Delegado - Pior, venda de artigo roubado. Concorrência desleal com o comércio
estabelecido. Sem-vergonha!
Ladrão - Mas eu
vendia mais caro.
Delegado - Mais caro?
Ladrão – É, espalhei o boato que as galinhas do galinheiro
eram bichadas e as minhas galinhas não. E que as do galinheiro botavam ovos
brancos enquanto as minhas botavam ovos marrons.
Delegado - Mas eram as mesmas galinhas, safado.
Ladrão - Os ovos das minhas eu
pintava.
Delegado - Que grande pilantra. Ainda bem que tu foi preso. Se o dono do galinheiro te pega...
Ladrão -
Já me pegou. Fiz um acerto com ele. Me comprometi a não espalhar mais boato
sobre as galinhas dele, e ele se comprometeu a aumentar os preços dos produtos
dele para ficarem iguais aos meus. Convidamos outros donos de galinheiros a
entrar no nosso esquema. Formamos um oligopólio. Ou, no caso, um “ovigopólio”.

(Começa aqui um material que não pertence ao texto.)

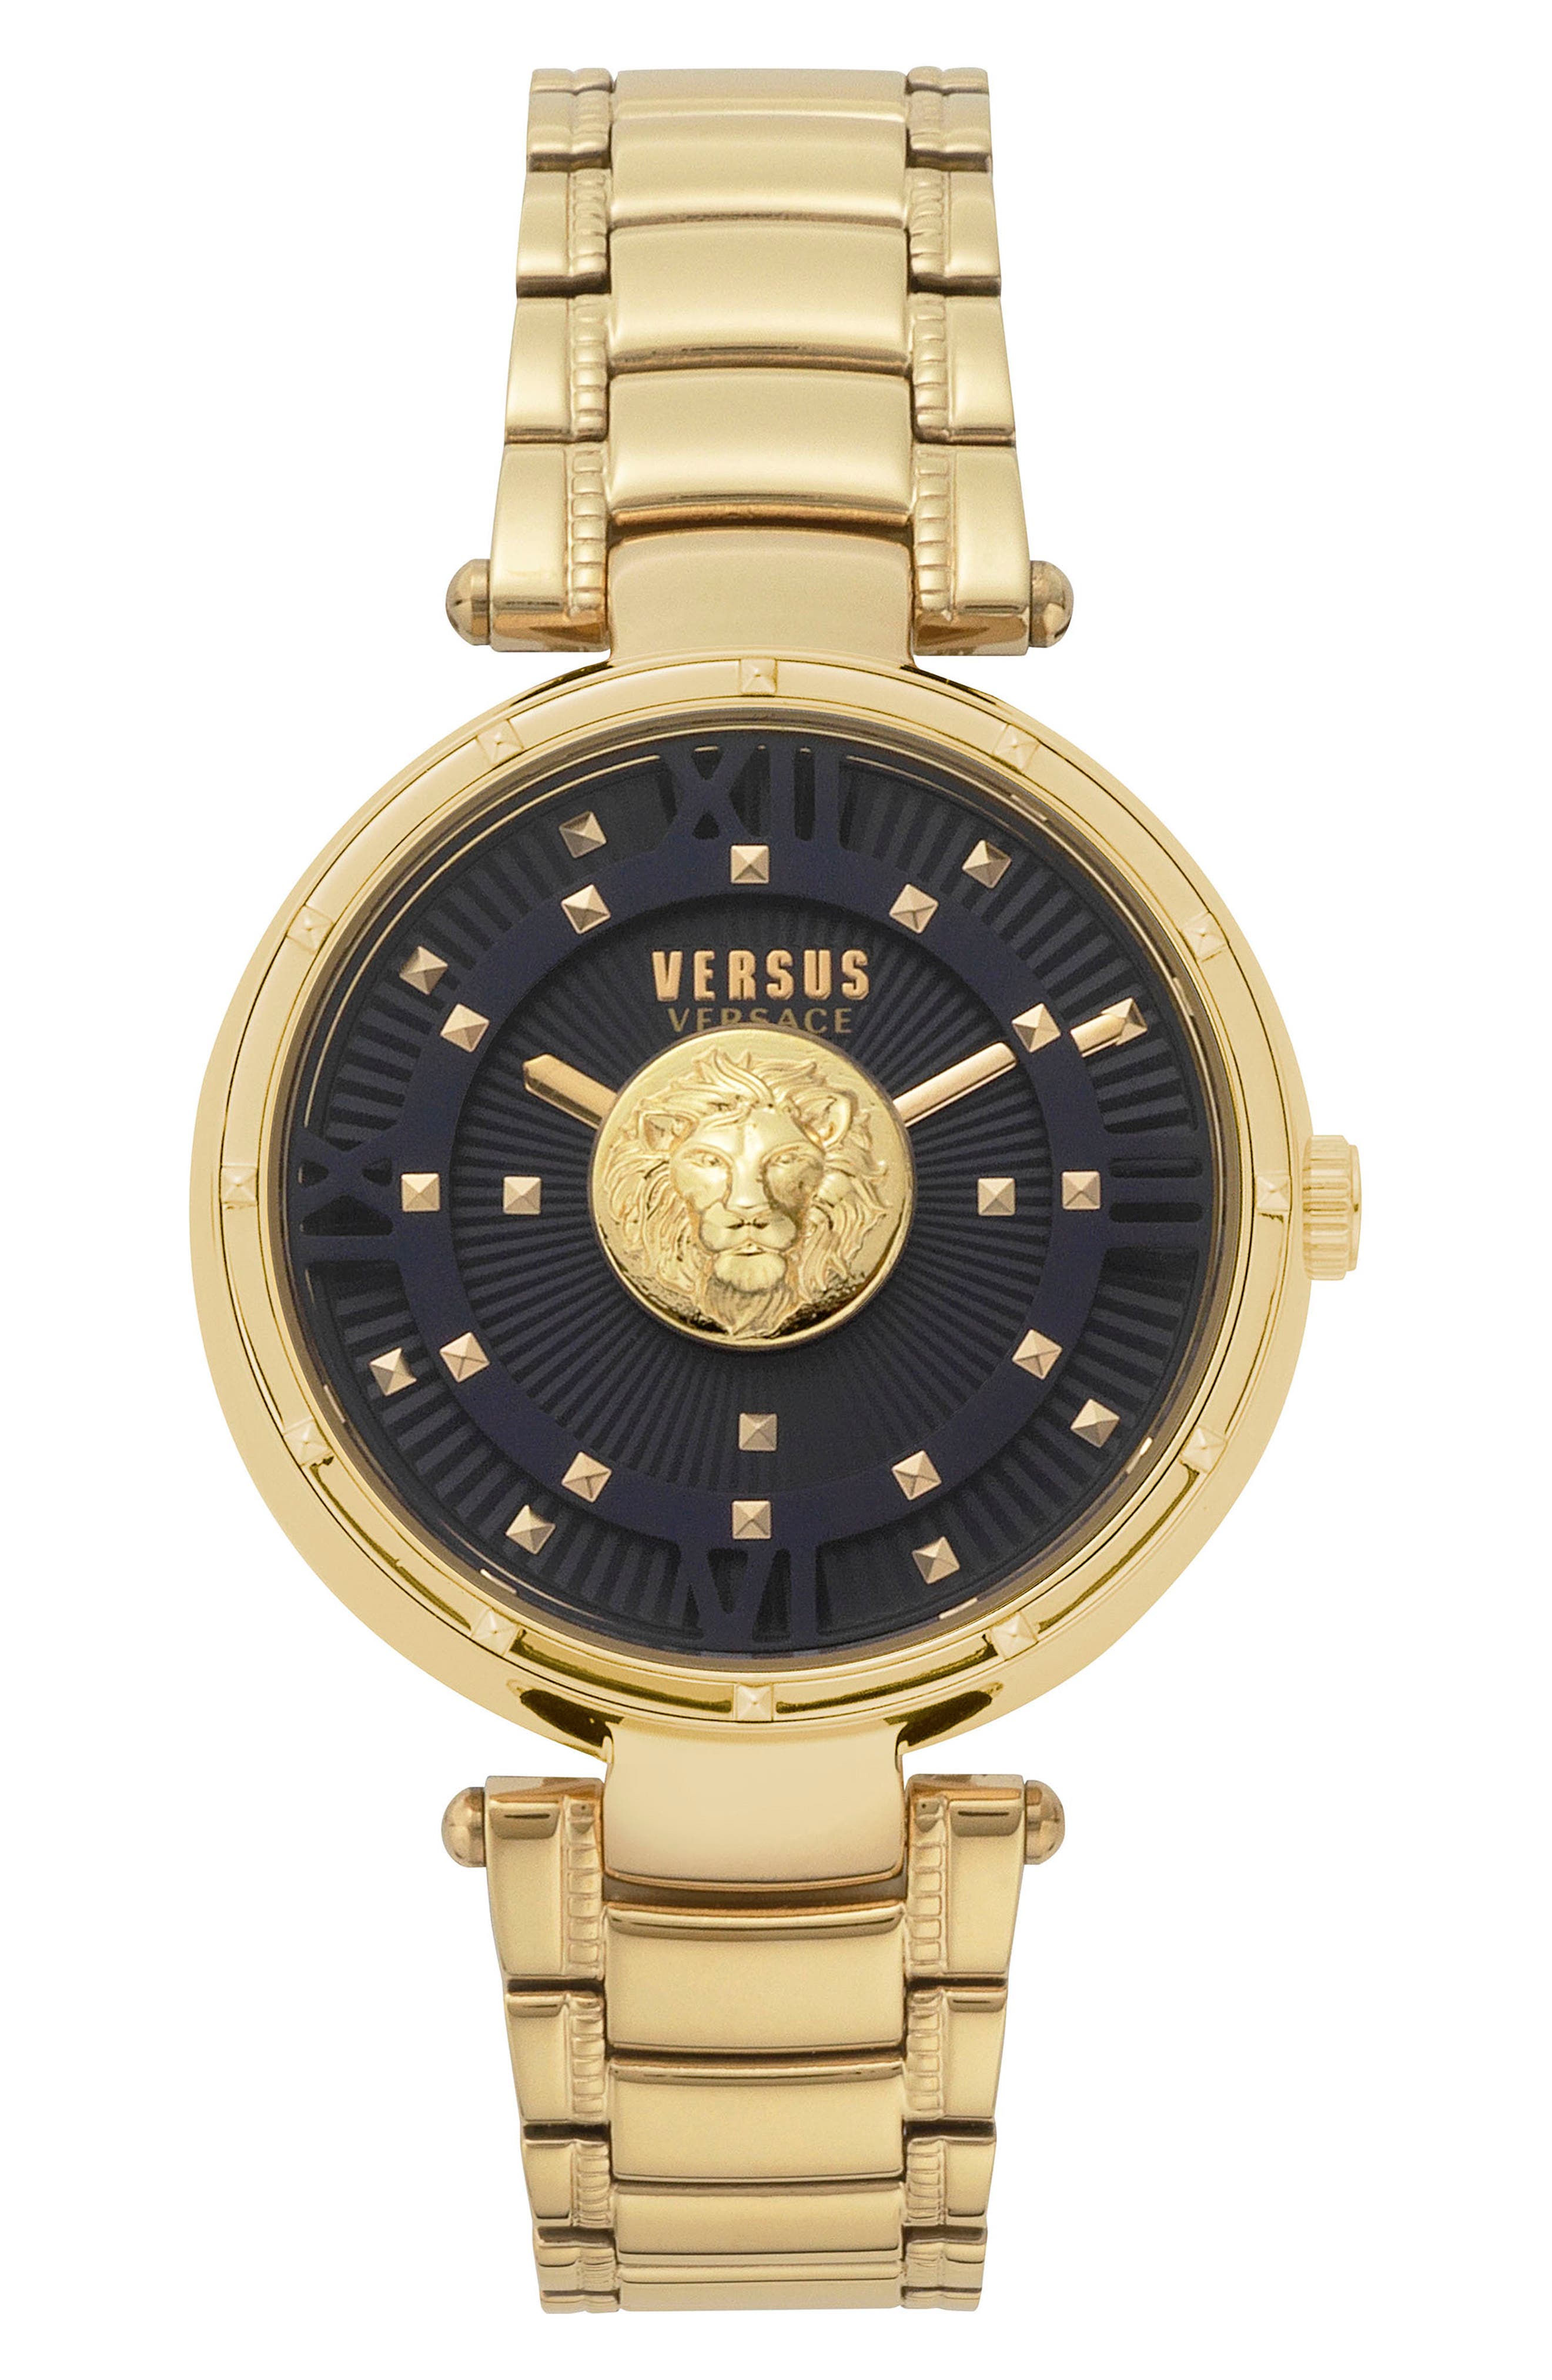 versus versace women's watch

Delegado - E o que você faz com o lucro do seu negócio?
Ladrão - Especulo com
dólar. Invisto alguma coisa no tráfico de drogas. Comprei alguns deputados.
Dois ou três ministros do Supremo... Consegui exclusividade no suprimento de galinhas e ovos
para programas de alimentação escolar do governo e superfaturo os preços.
Nisso, deu-se a guinada: intrigado, o delegado mandou pedir um
cafezinho para o preso e perguntou se a cadeira estava confortável, se ele não
queria uma almofada e tal e depois perguntou:
Delegado – “Doutor”, não me leve a mal, mas com tudo isso, o senhor não está
milionário?
Ladrão - Trilionário, doutor, trilionário. Sem contar o que eu sonego de Imposto de Renda e o que
tenho depositado ilegalmente no exterior.
Delegado - E, com tudo isso, o senhor continua roubando galinhas?
Ladrão - Às
vezes. Sabe como é.
Delegado - Não sei não, excelência, me explique.
Ladrão - É que, em todas essas
minhas atividades, eu sinto falta de uma coisa. O risco, entende? Daquela
sensação de perigo, de estar fazendo uma coisa proibida, da iminência do
castigo. Só roubando galinhas eu me sinto realmente um ladrão, e isso é
excitante. Como agora fui preso, finalmente vou para a cadeia. É uma experiência
nova.
Delegado - O que é isso, excelência? O senhor não vai ser preso não.
Ladrão - Mas fui pego em flagrante pulando a cerca
do galinheiro!
Delegado - Sim. Mas o “Doutor” é réu primário. E com esses antecedentes...
Luis Fernando Veríssimo.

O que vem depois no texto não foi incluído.